What does this case mean for you?
- Properties which the parties treated as a marital home for a long time, but that they don’t currently live in at the time of divorce, are covered by section 112(10)(a)(i), as are the parties’ last place of residence before divorce, which they used as a marital home.
- Say, for instance, that a married couple live for 25 years in a property they bought before marrying, which they use as their marital home. Their adult children leave home, and the married couple move to a small apartment, also acquired pre-marriage. A couple of years later they divorce. In this case, both the last place of residence (the apartment) and the first property they lived in are treated as marital property by the Women’s Charter. Just because the parties no longer live there, it doesn’t mean that the house they were in for 25 years as the cradle of their family life should not be treated as a matrimonial asset.
- The court will make their decision based on the facts and circumstances of the case that are presented to them.
- Though the courts have said that an asset can remain a matrimonial asset even when the parties don’t live in it, that in itself doesn’t always mean that such a property has to be divided exactly as other assets acquired whilst married are. Courts having to decide about matrimonial assets under section 112(1) have the discretion to divide them according to however they see it most equitable to do so. They’ll bear in mind the nature of the asset, the length of time the parties ordinarily used or enjoyed it, and it was paid for (in other words, whether it was partially paid for during the course of the marriage).
In the case of TND v TNC [2017] SGCA 34, although the court said the property was a matrimonial home because the family had lived there, as it was only used for just over a year, the husband was entitled to a higher share, as he had made higher direct contributions.
Conclusion – at what point should matrimonial assets be valued?
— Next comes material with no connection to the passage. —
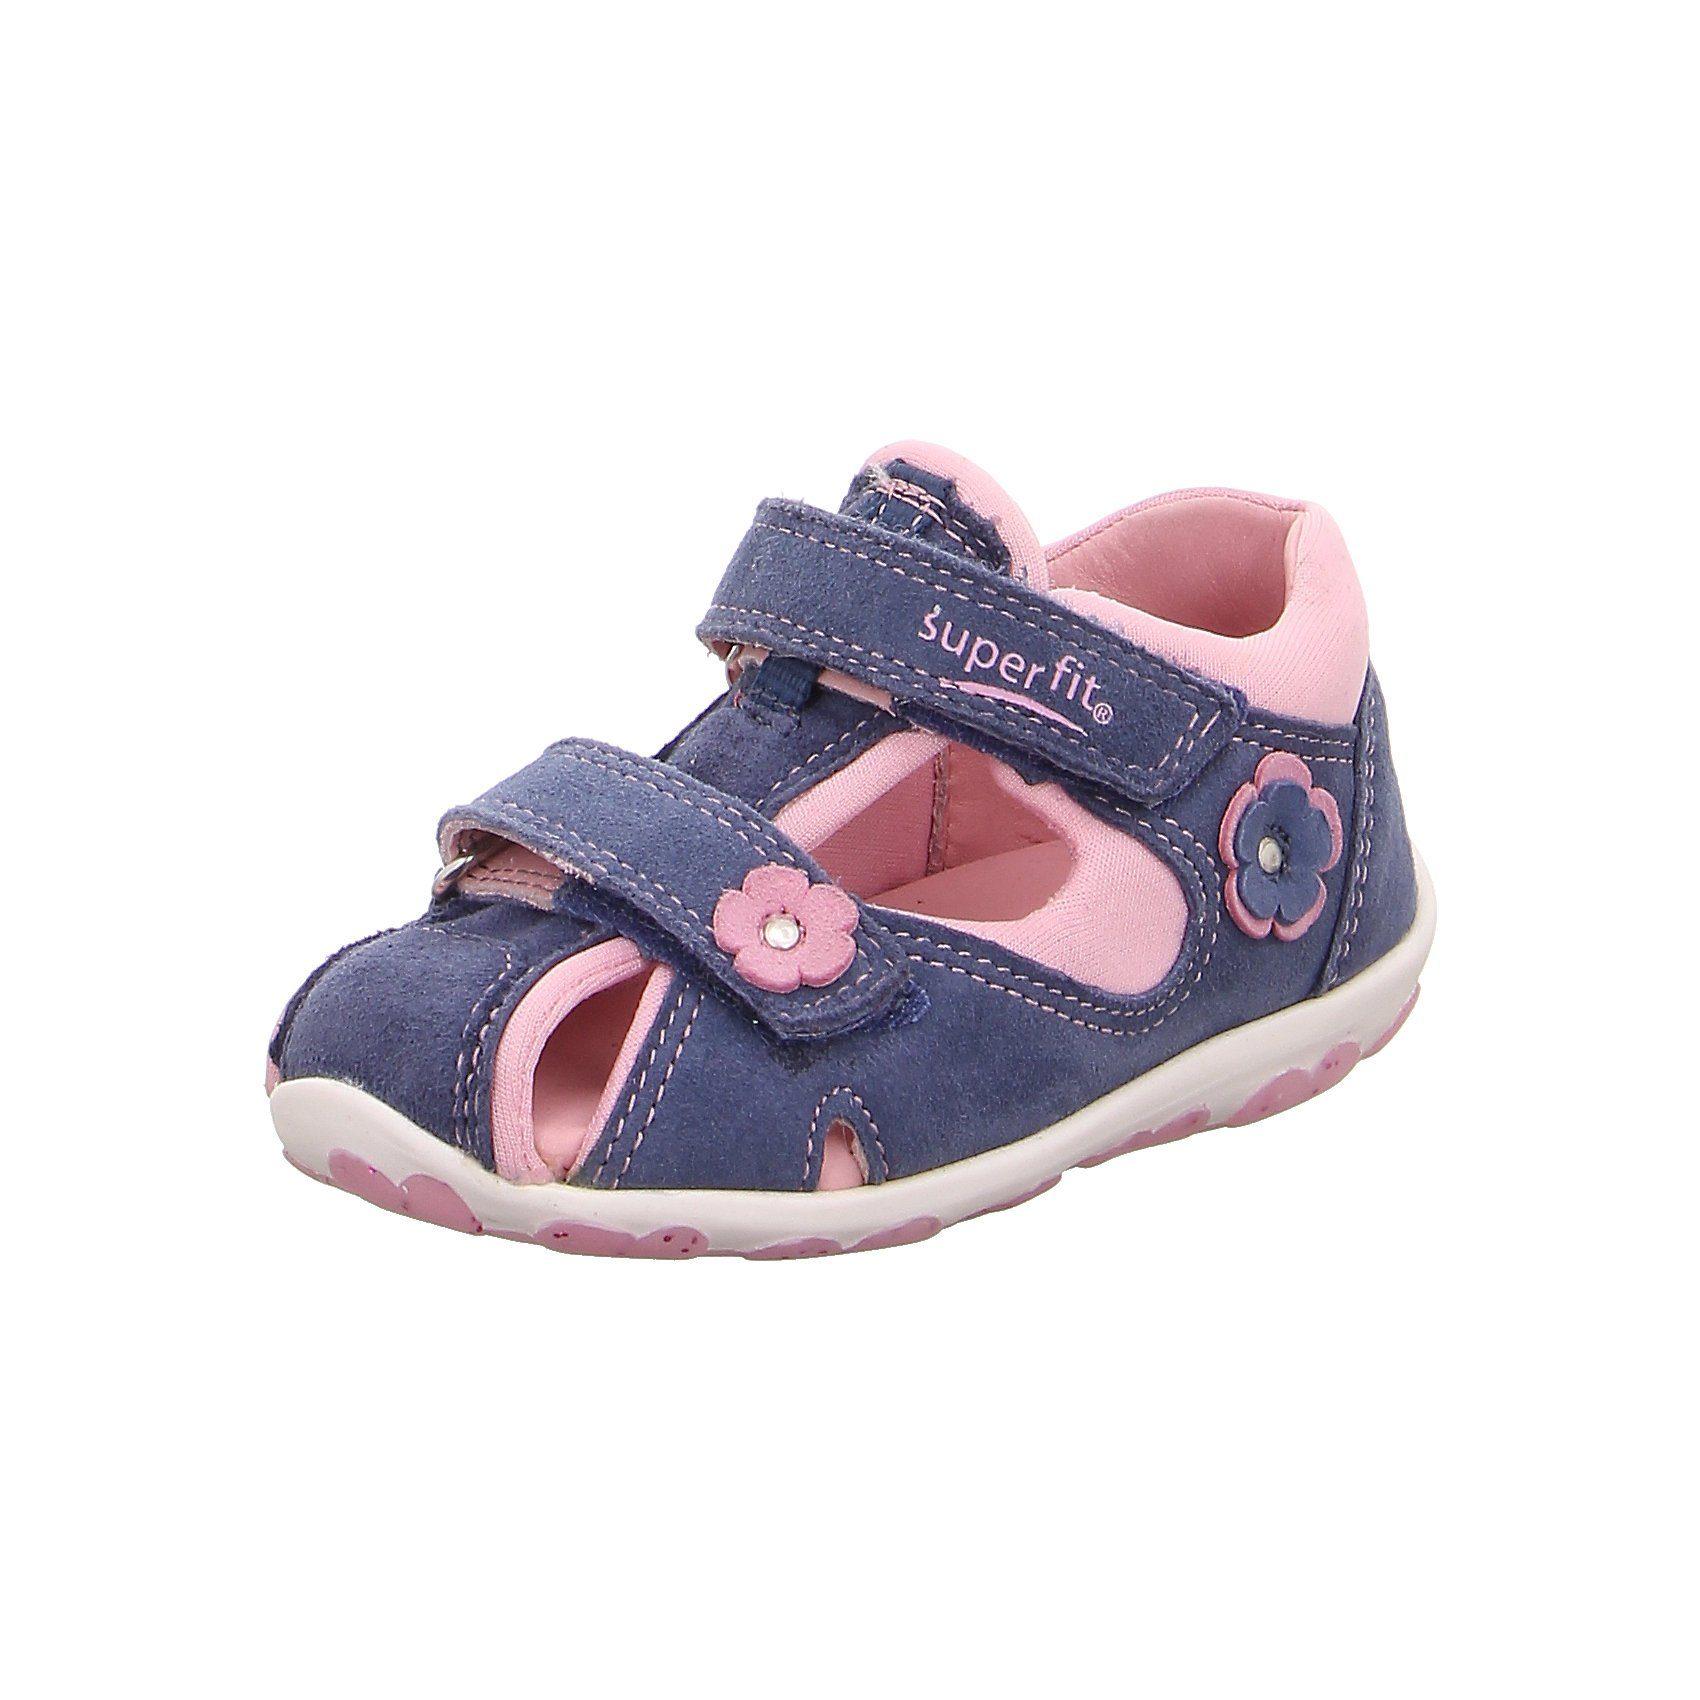 AboutYou | Kinder, Mädchen, Kinder RICOSTA Sandalen blau

Parties divorcing will want to know what is the operative date to be used to determine the asset pool and value those assets? This is a key question for three main reasons:
- The spouses may have already separated, prior to the divorce proceedings, and no longer intend to jointly accumulate matrimonial assets.
- There are 2 stages to divorcing in Singapore: to end the marriage, parties first must obtain an Interim Judgement, and then the court will hear and rule on ancillary issues such as how to divide assets.
- In general, it takes about a year to finish a divorce in Singapore. It usually ends when the court concludes the ancillary matter hearing.
Of course, while the divorce process progresses, the asset’s value might fluctuate. Another possibility is that assets may increase or decrease in value due to the stock market, or bonuses awarded, or the crystallisation of share options.
This is why the most important question for many people is: what is the cut-off date at which the assets in the asset pool should be determined and valued?
There are four possible answers to when this date should be:
- The date of separation
- The date they file for divorce
- The date the obtain Interim Judgement
- The date the ancillary matters hearing is held.
In the case referred to above of TND v TNC, the Court of Appeal stated that “the ancillary matter hearing date is the one that must be used when valuing the matrimonial assets”.
Therefore, unless parties can persuade the court that a different date should be used, then all marital assets will be valued at the very end of the divorce process – when the ancillary matters hearing occurs. This is important for family litigants to bear in mind.